A good contract is boring on purpose. It removes the room for "I thought you meant…" arguments later, when the money is on the line and the goodwill has run out. You do not need legalese — you need every important thing named, scoped and dated. This checklist walks the five sections that matter, in the order they tend to go wrong.
Run it before you sign, not after you are owed money. By then the contract is the only thing you have, and a vague one protects the brand, not you.
This is the positive checklist — what a good contract should contain. For the specific warning signs and clauses to push back on, read it alongside the creator contract red-flags guide.
Payment
tied to delivery, with a deposit
the section disputes start in
Scope
exact deliverables, capped revisions
where free work hides
Usage
named, capped, time-limited
priced separately from the post
Exit
kill fee + approval timelines
so "pending" can't stall pay
The five sections of a creator contract that decide whether a deal goes smoothly. Directional, based on common brand-deal patterns.
Payment
This is the section that costs you real money when it is wrong. Make the amount, the trigger and the date impossible to misread.
- Total fee, currency and tax handling stated explicitly.
- Net term tied to delivery of the agreed assets — not "publication", "approval" or "performance".
- A deposit on larger deals, with the balance due on delivery.
- A late-payment clause and a named finance contact, not just a brand manager.
Scope and deliverables
A vague scope is an open invitation to unpaid extra work. Pin down exactly what you are making and how many times you will revise it.
- Exact number and format of deliverables (e.g. "1 Reel + 3 stories", not "some content").
- A capped number of revision rounds, with a stated cost for extras.
- A change-request clause, so scope creep has a price rather than being assumed.
- Who has final approval, and how long they have to give it.
Usage rights
Letting a brand run your content as paid advertising is a separate product from posting it on your own channel. The contract should treat it that way.
- What the brand can use, on which channels and territories, and for how long.
- Whether paid amplification (whitelisting / boosting) is included or a separate priced line.

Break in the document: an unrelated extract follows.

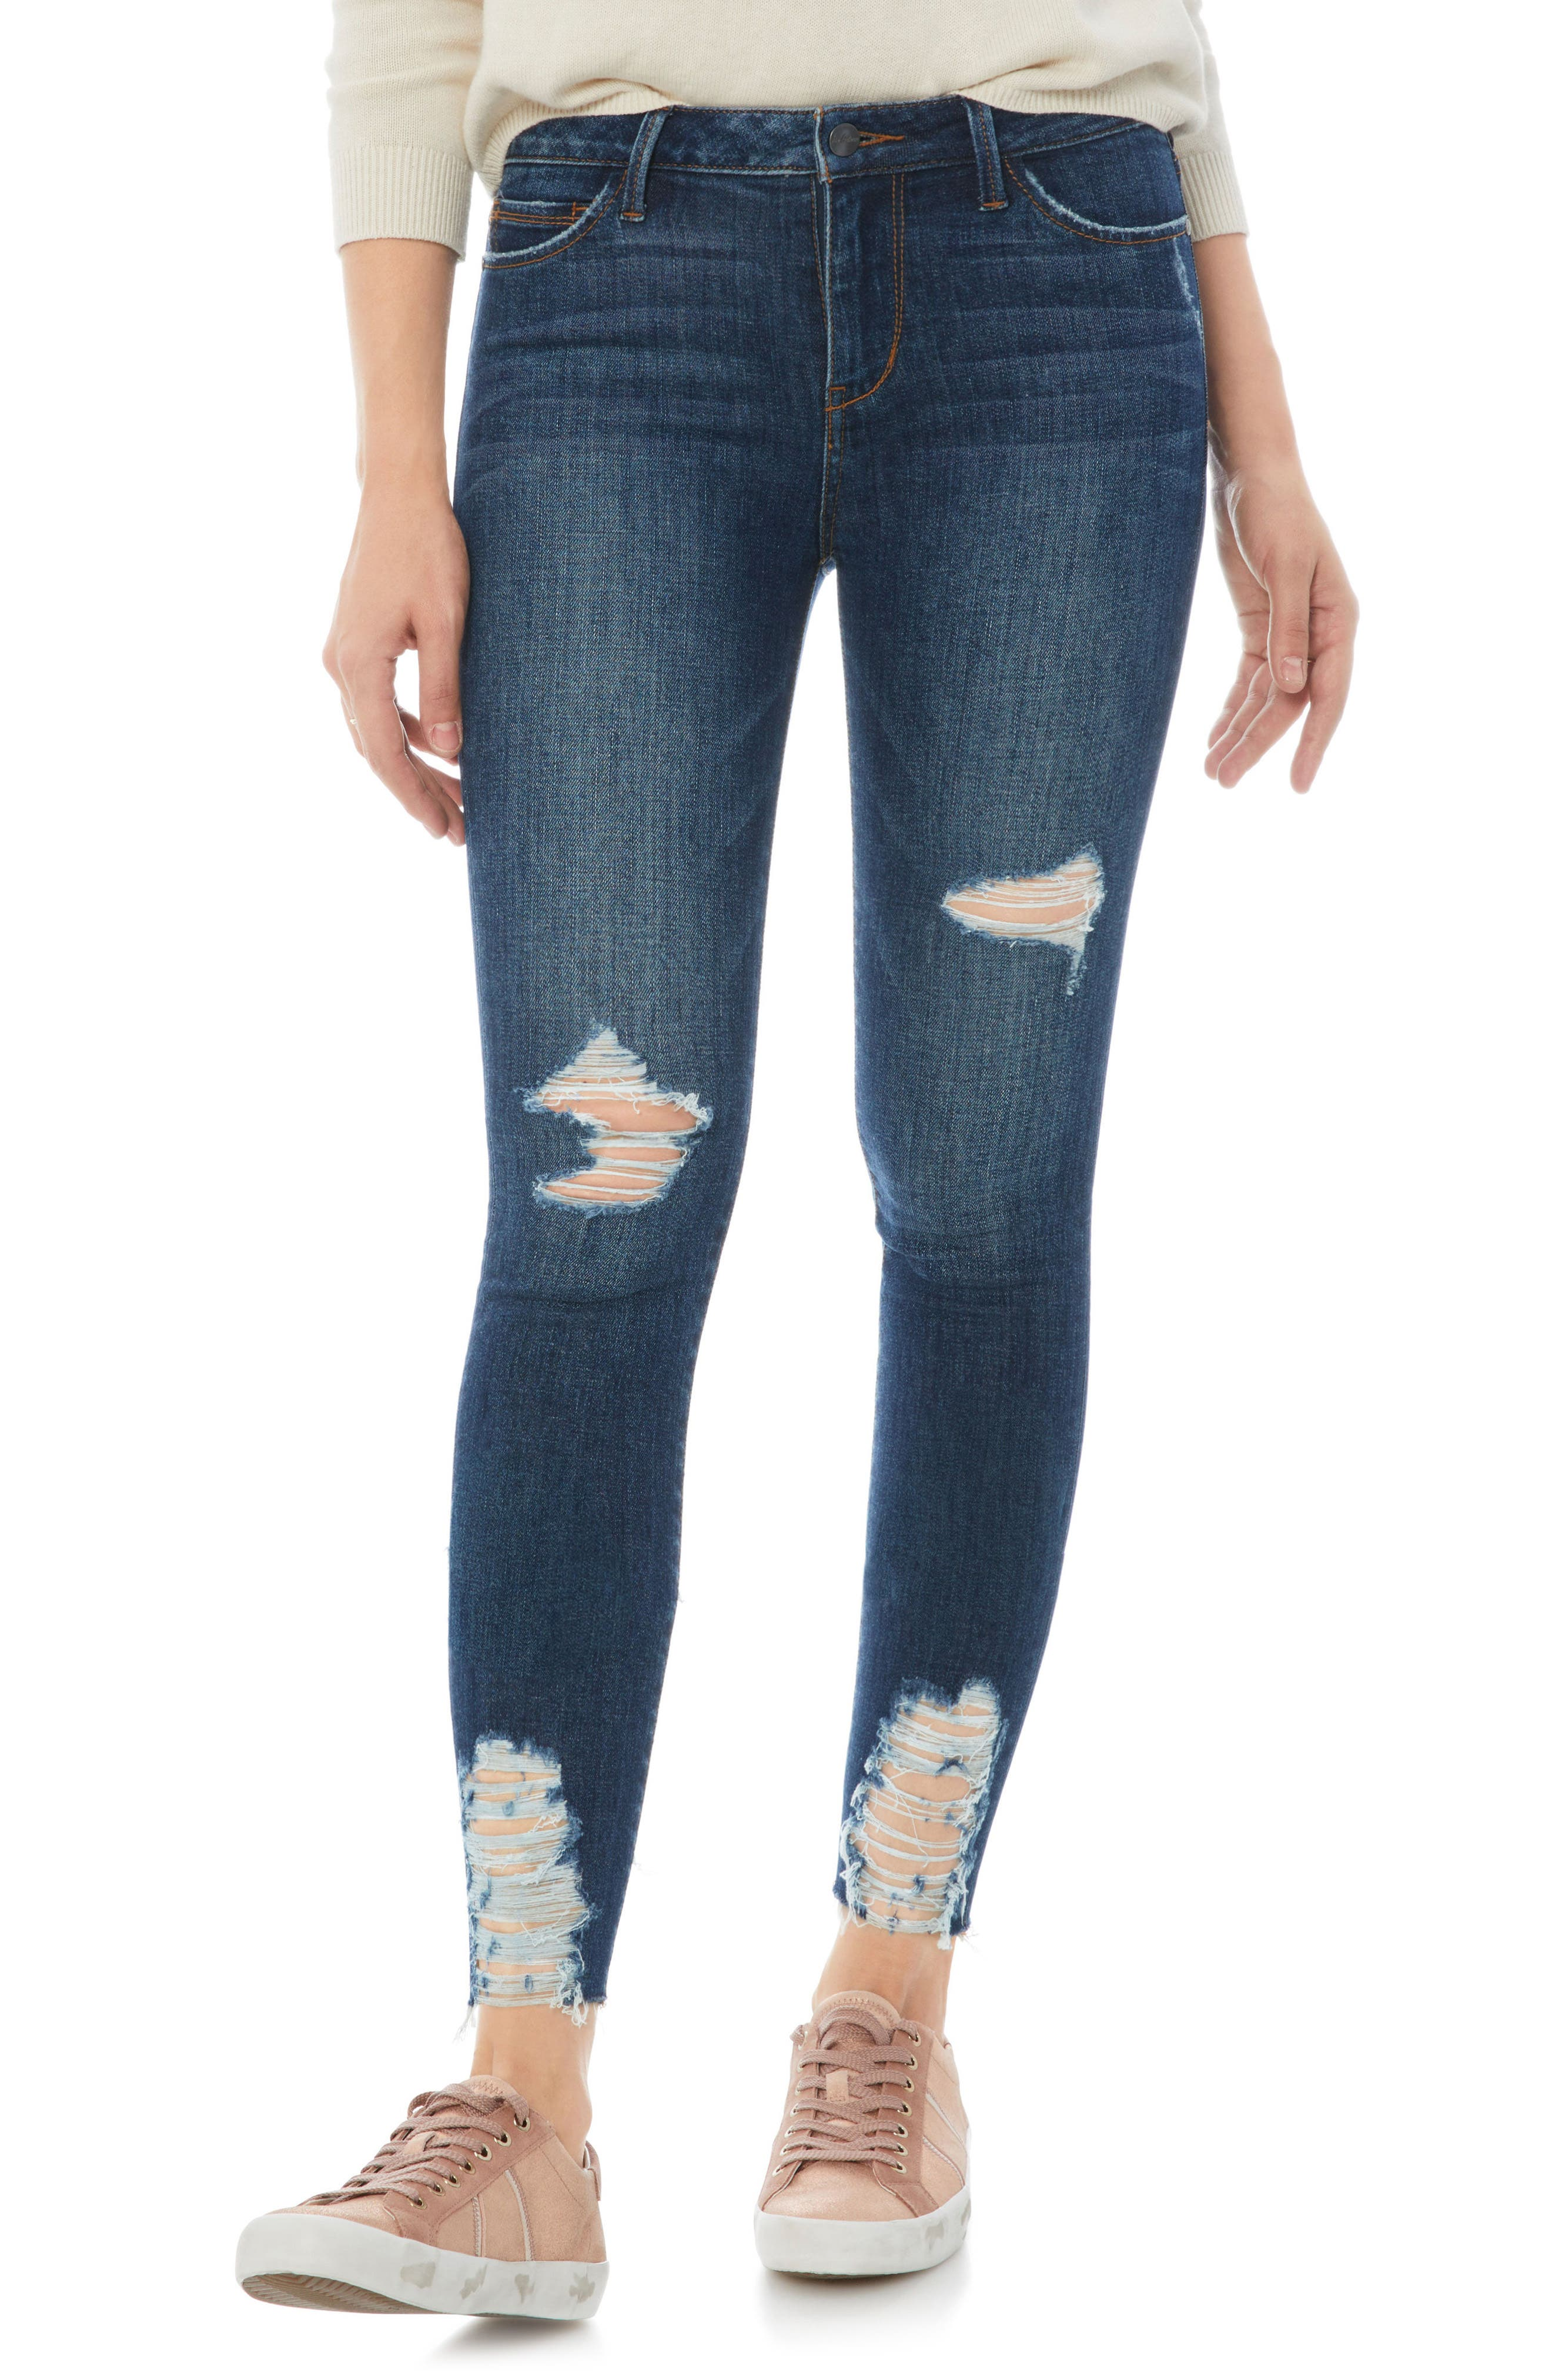 Alternate Image 1 Selected - Sam Edelman The Kitten Ripped Jeans (Margaux)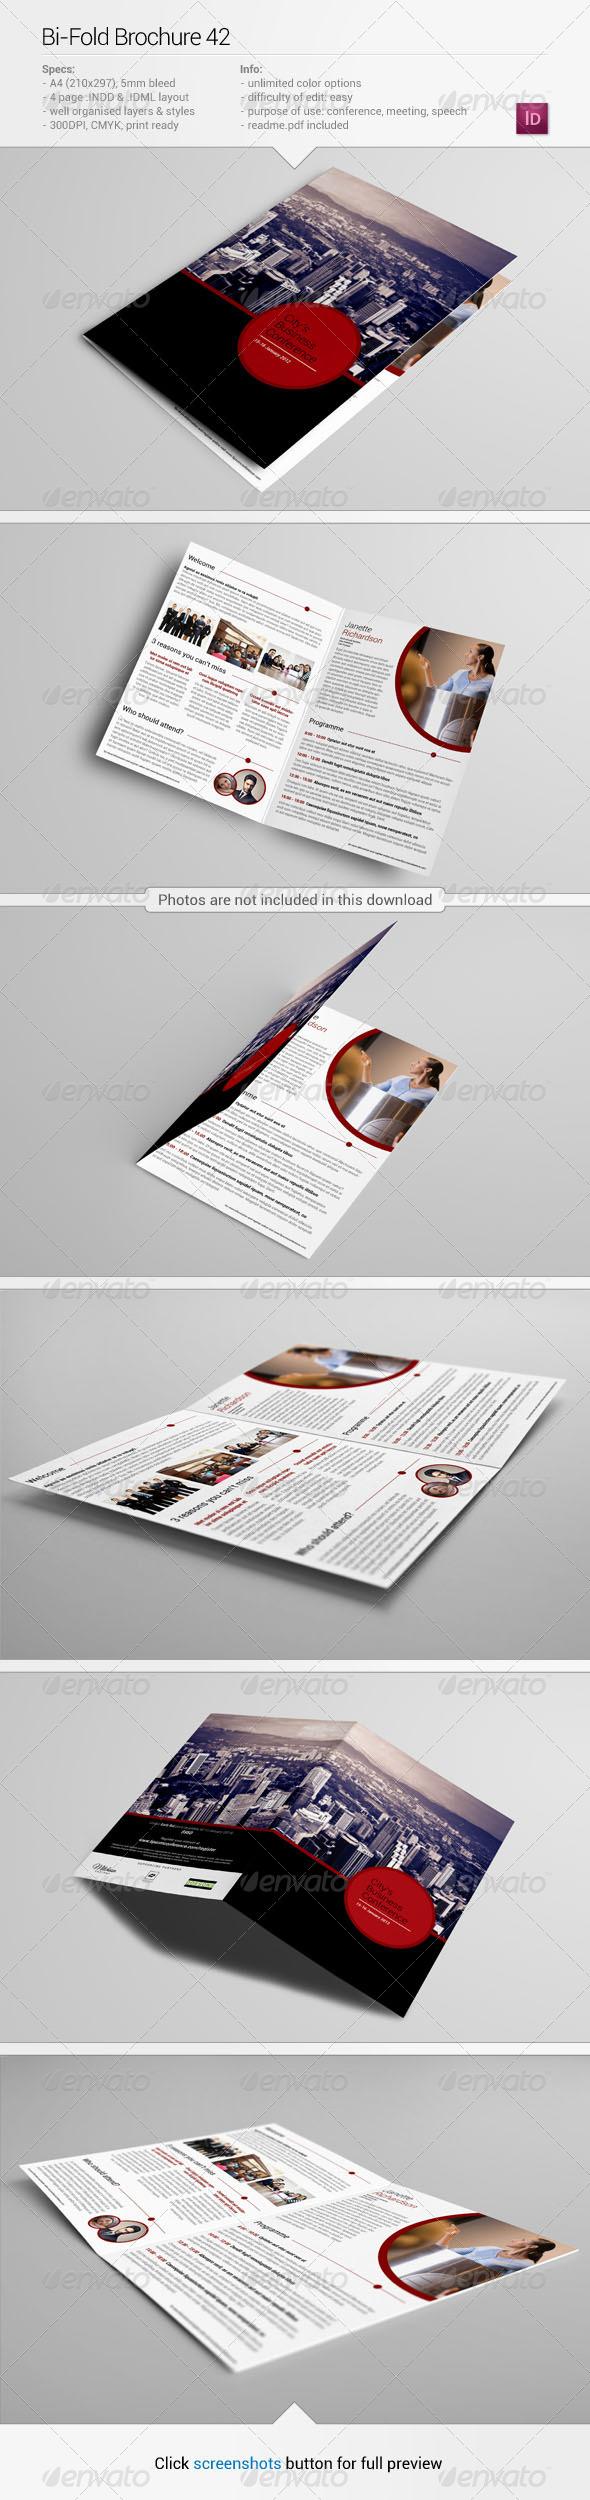 GraphicRiver Bi-Fold Brochure 42 6184397

- A fixed expiry — avoid "in perpetuity" unless it is paid for accordingly.
- Whether the brand can edit or re-cut the content, and renewal terms if they want to keep using it.
What a complete contract includes
The complete-contract checklist
Every good contract includes
Specific, scoped and dated. Each clause written so you can hold the brand to it.
- Payment: a total fee, currency and tax handling, due net 30 from delivery, with a deposit on larger deals.
- Scope: exact deliverables (count, format, platform) and revisions capped at a stated number.
- Usage: named channels and territory, a fixed expiry, with paid amplification as a separate priced line.
- Exclusivity: a tight, named category, time-boxed, and separately paid, with carve-outs for existing partners.
- Exit: a kill fee covering work done, and an approval deadline so "pending" cannot stall your payment.
- Ownership: you keep the underlying content; the brand gets a licence, not the copyright.
A single column of what "good" looks like, clause by clause. If your contract names all of these, it is doing its job.
Score each clause: risk and must-have
Use this to triage any contract in a few minutes. For each clause, note the risk if it is missing or vague, decide whether the fix is a must-have or negotiable, and you have your redline list before you reply.
| Clause | Risk if missing or vague | Must-have? | What good looks like |
|---|---|---|---|
| Payment | High — disputes and late or non-payment | Must-have | Total fee, delivery-triggered net term, deposit on larger deals |
| Scope & revisions | Medium — unpaid extra work | Must-have | Exact deliverables, capped revision rounds, priced extras |
| Usage rights | High — a forever ad asset for a one-post fee | Must-have | Named channels and territory, fixed expiry, priced separately |
| Exclusivity | Medium — blocks future income unpaid | Negotiable | Tight named category, time-boxed, separately paid, carve-outs |
| Kill fee & approval | Medium — "pending" stalls your pay | Must-have | Kill fee for work done, a hard approval deadline |
| Ownership | Medium — losing copyright in your work | Must-have | You keep copyright; the brand gets a licence only |
Exclusivity and kill fees
These two clauses decide what the deal costs you beyond the work itself — the deals you have to turn down, and what happens if the brand walks.
- Category exclusivity scope and duration, and whether it is compensated as a separate fee.
- A kill fee if the brand cancels after you have started, covering work already done.
- Approval timelines, so "pending approval" cannot stall your payment indefinitely.
- Carve-outs for your existing partnerships, so exclusivity does not catch deals you already have.
What to do now, next and later
| Horizon | The action | Outcome |
|---|---|---|
| Now | Score your next contract against the clause table above | A short redline list before you sign |
| Next | Turn the green-flag checklist into your own template | You start from "what good looks like" every time |
| Later | File a report after each deal closes | The registry reflects whether brands honour their terms |
“A contract is not paperwork you tolerate to get to the deal. It is the deal. Everything else is a conversation you cannot enforce.”
Once the contract is clean, file a report after the deal closes so the next creator knows whether this brand actually honoured the terms it signed.